Pimpinan ponpes, Elwansyah Elham, menegaskan sikapnya terkait kasus pencabulan yang menyeret oknum di lingkungan pendidikan yang ia pimpin.
Elwansyah tidak menutupi kenyataan pahit bahwa pelaku merupakan anak kandungnya sendiri. Namun, ia menyatakan tidak ada ruang untuk pilih kasih dalam menyikapi perkara hukum.
“Dia anak didik, dia juga anak saya, anak kandung. Sehingga kita mengambilnya lebih tegas lagi untuk menjadi contoh sama yang lain, bahwa di Ibadurrohman itu tidak ada hukum yang disebut dengan tebang pilih,” ucapnya.
Kasus ini bukan pertama kali mencuat. Pada tahun 2021, dugaan serupa juga pernah terjadi di ponpes yang sama. Elwansyah membenarkan hal itu, meski saat itu pihaknya menemui jalan buntu.

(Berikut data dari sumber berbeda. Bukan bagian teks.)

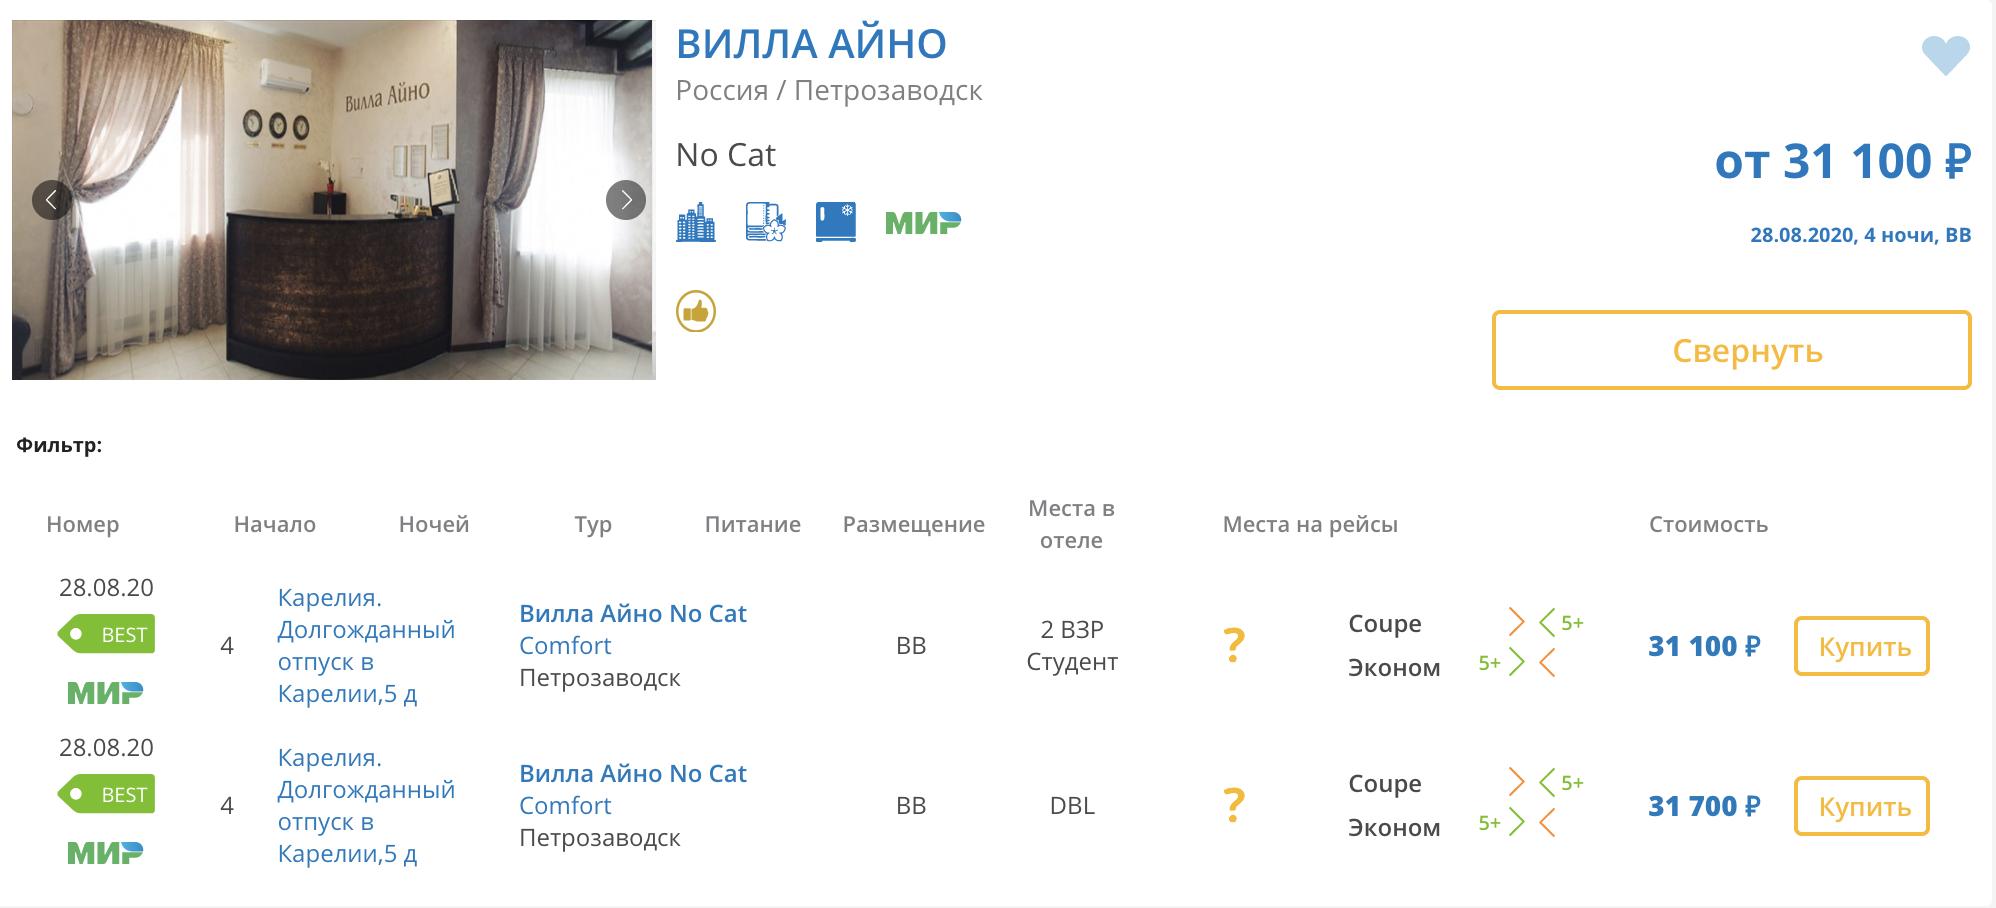 В «Интуристе» четыре ночи в Карелии на двоих стоят 31 000<span class=ruble>Р</span>, кэшбэк — 5000<span class=ruble>Р</span>. В путевку входит проезд на автобусе из Петербурга в Петрозаводск, проживание, завтраки, экскурсии, билеты в заповедник «Кивач» и посещение других достопримечательностей. Туристам придется еще купить билеты на поезд из Петрозаводска в Москву или Петербург

“Kita sudah sampaikan bahwa kita sudah ambil tindakan, tetapi karena dia tidak mengaku, nah itu jadi kita sulit mengambil langkah-langkahnya,” jelasnya.
Menurutnya, berbagai langkah telah ditempuh sejak saat itu. Pemanggilan, asesmen, hingga upaya klarifikasi dilakukan, namun pelaku tetap tak mau mengakui perbuatannya. Situasi tersebut membuat pihaknya kesulitan mengungkap kebenaran, hingga kasus baru kembali muncul di tahun ini.
Di tengah sorotan publik, muncul wacana pembekuan bahkan penutupan lembaga pendidikan tersebut. Elwansyah menyatakan kesiapannya mengikuti prosedur yang berlaku.
“Untuk sementara ini kita akan mengikuti mekanisme. Dinamikanya kita ikuti karena kita tadi sudah bersifat kooperatif, jadi kita menunggu dan juga kita mengikuti semua langkah-langkah yang sudah dilalui,” ujarnya.
Ia menambahkan bahwa keterbukaan ini menjadi pelajaran penting, bukan hanya bagi keluarga maupun ponpes, tetapi juga bagi dunia pendidikan di Kukar agar kasus serupa tidak lagi terulang.